───── Data to use

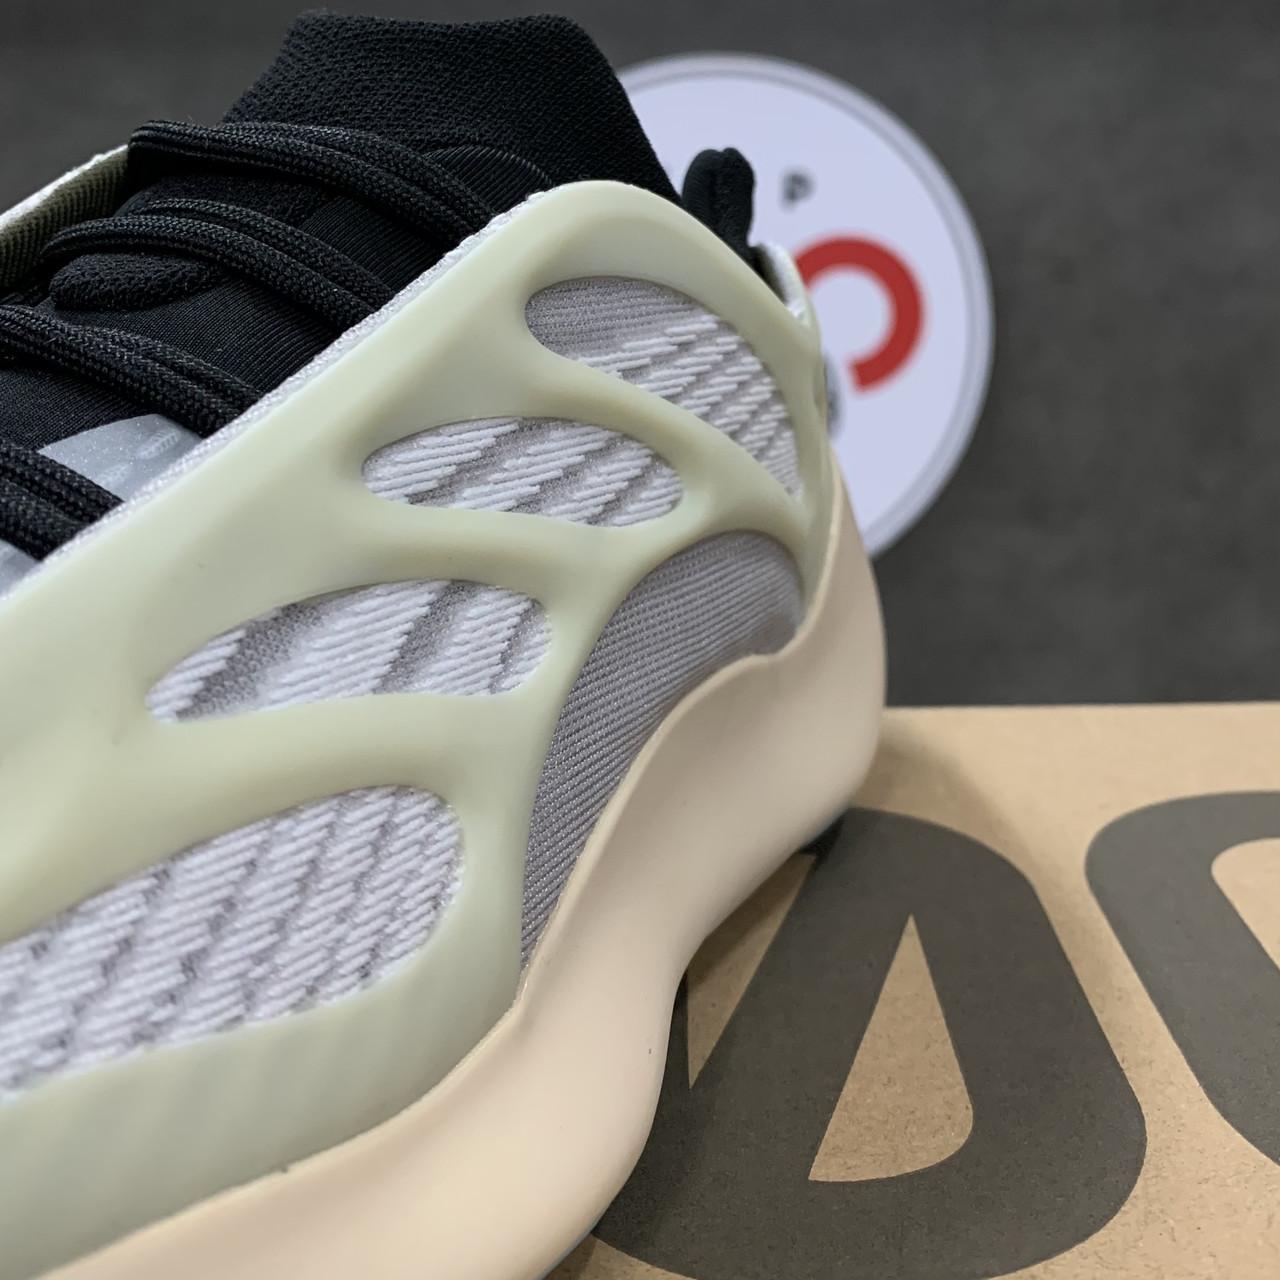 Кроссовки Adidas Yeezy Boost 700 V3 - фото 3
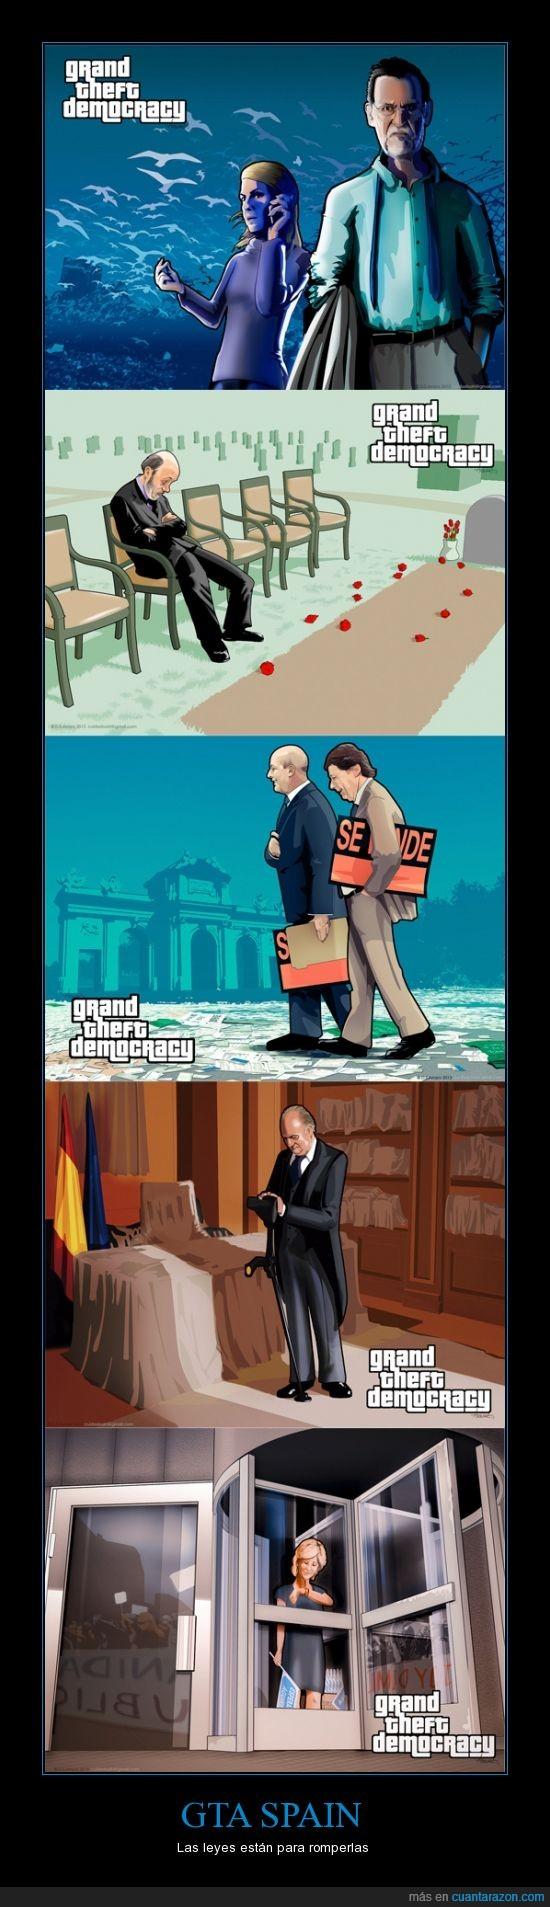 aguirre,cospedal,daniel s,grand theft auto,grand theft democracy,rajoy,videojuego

──────────
───── Data to use

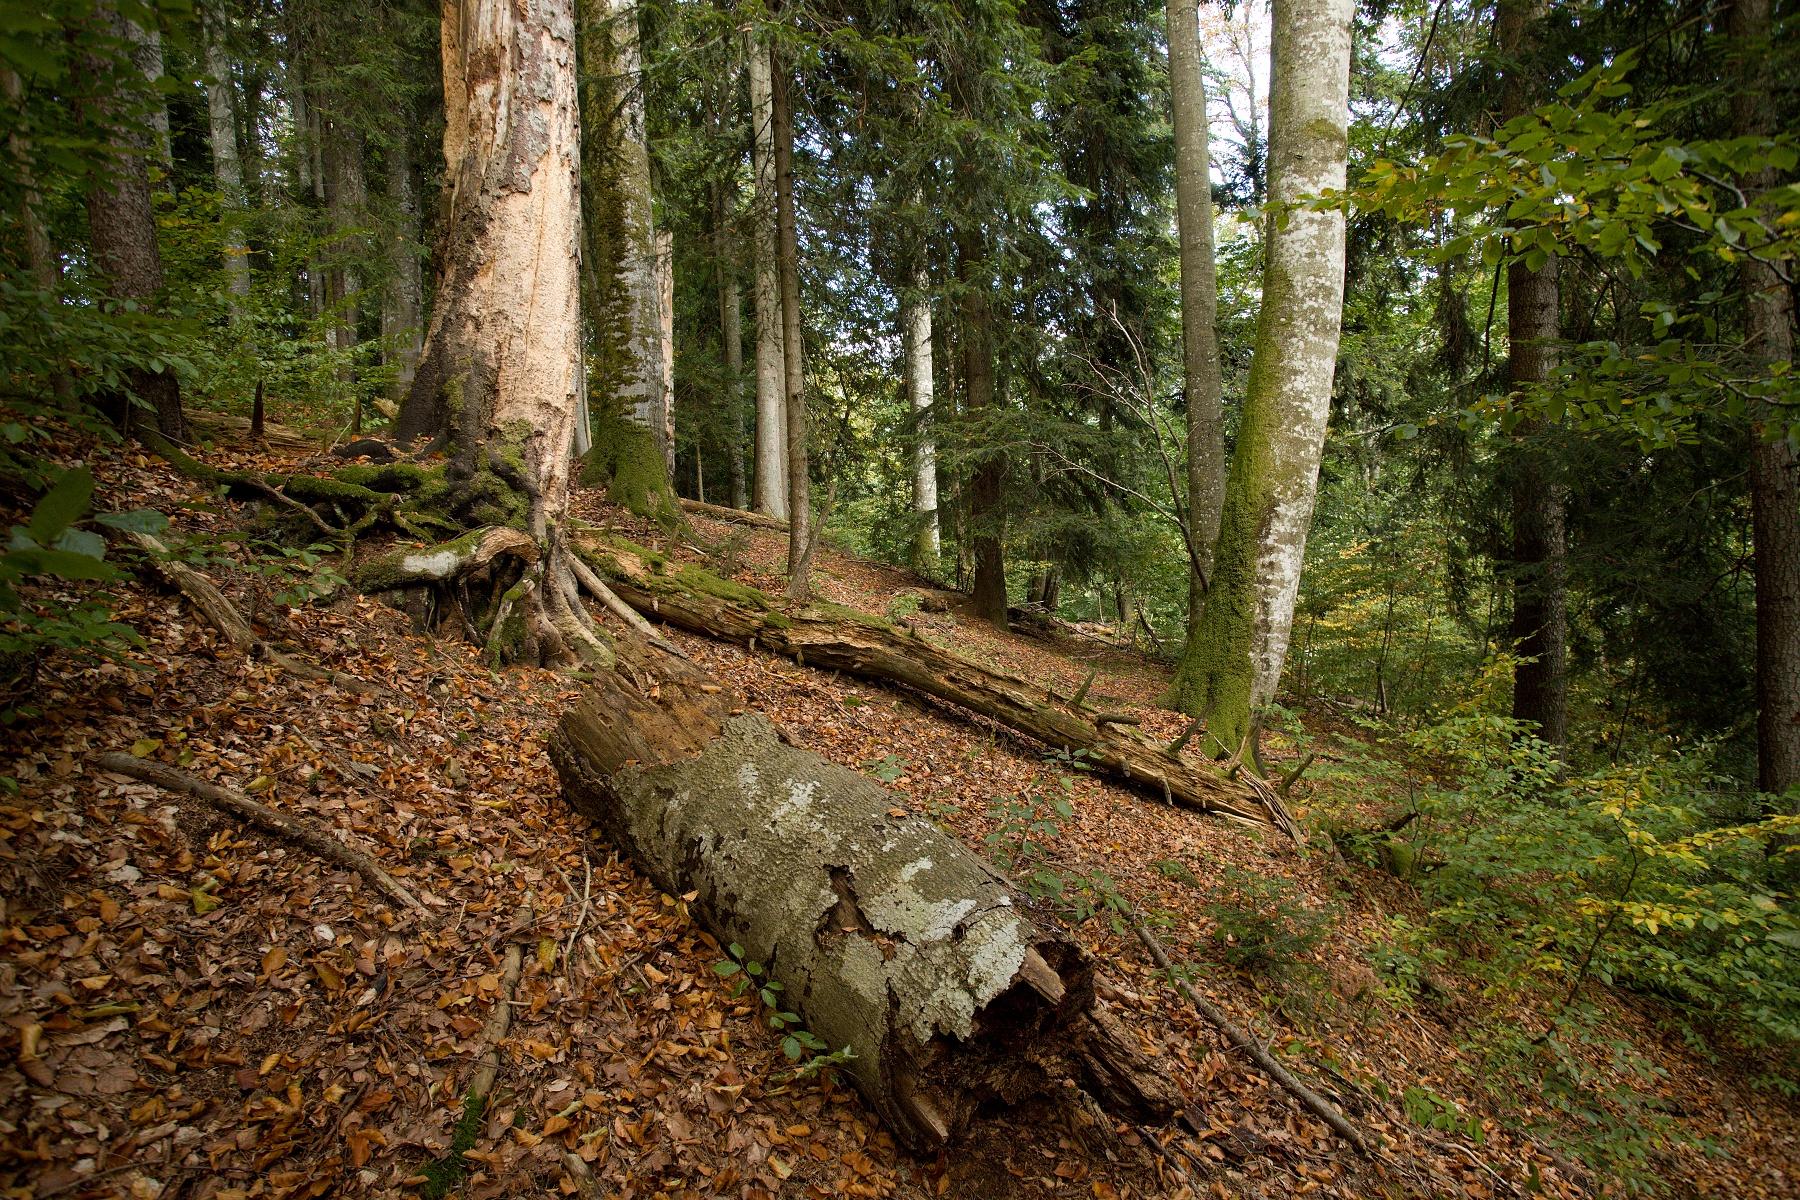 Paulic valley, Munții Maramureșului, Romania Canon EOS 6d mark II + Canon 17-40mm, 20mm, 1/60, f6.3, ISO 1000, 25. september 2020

──────────
───── Data to use

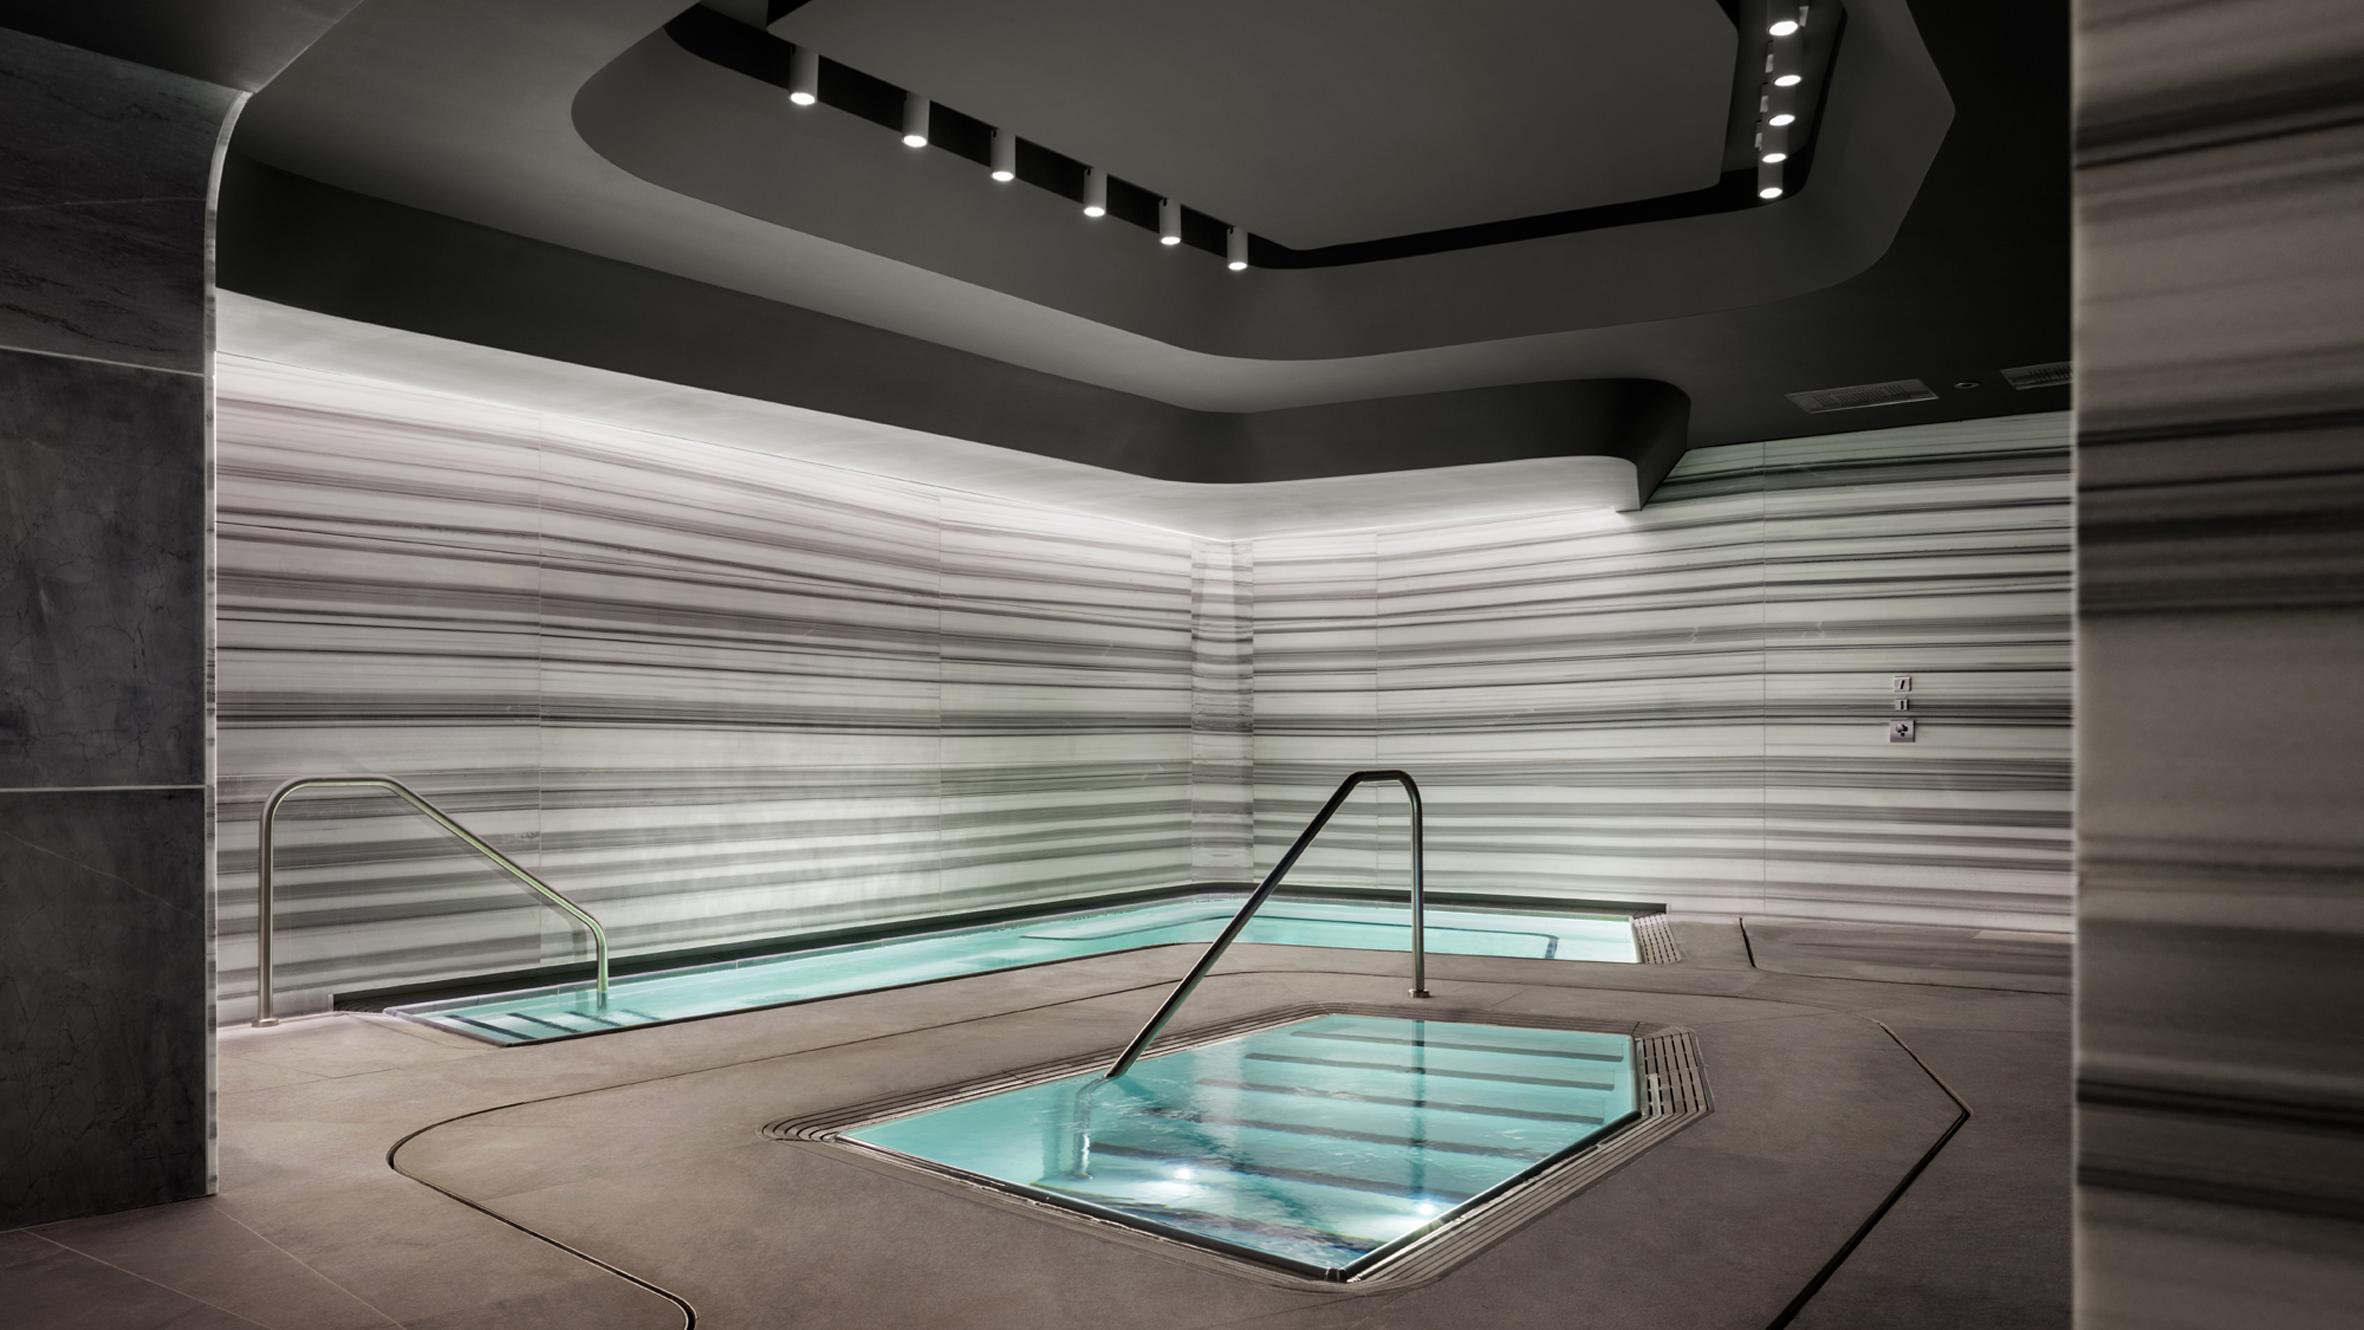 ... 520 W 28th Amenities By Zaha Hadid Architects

──────────

** Required action **
What's needed is an exact copy of the records above from the line containing "Кроссовки Adidas Yeezy Boost 700 V3 - фото 3" down to the line containing "aguirre,cospedal,daniel s,grand theft", both included, without any pictures.

** Response to the task **
 Кроссовки Adidas Yeezy Boost 700 V3 - фото 3
 aguirre,cospedal,daniel s,grand theft auto,grand theft democracy,rajoy,videojuego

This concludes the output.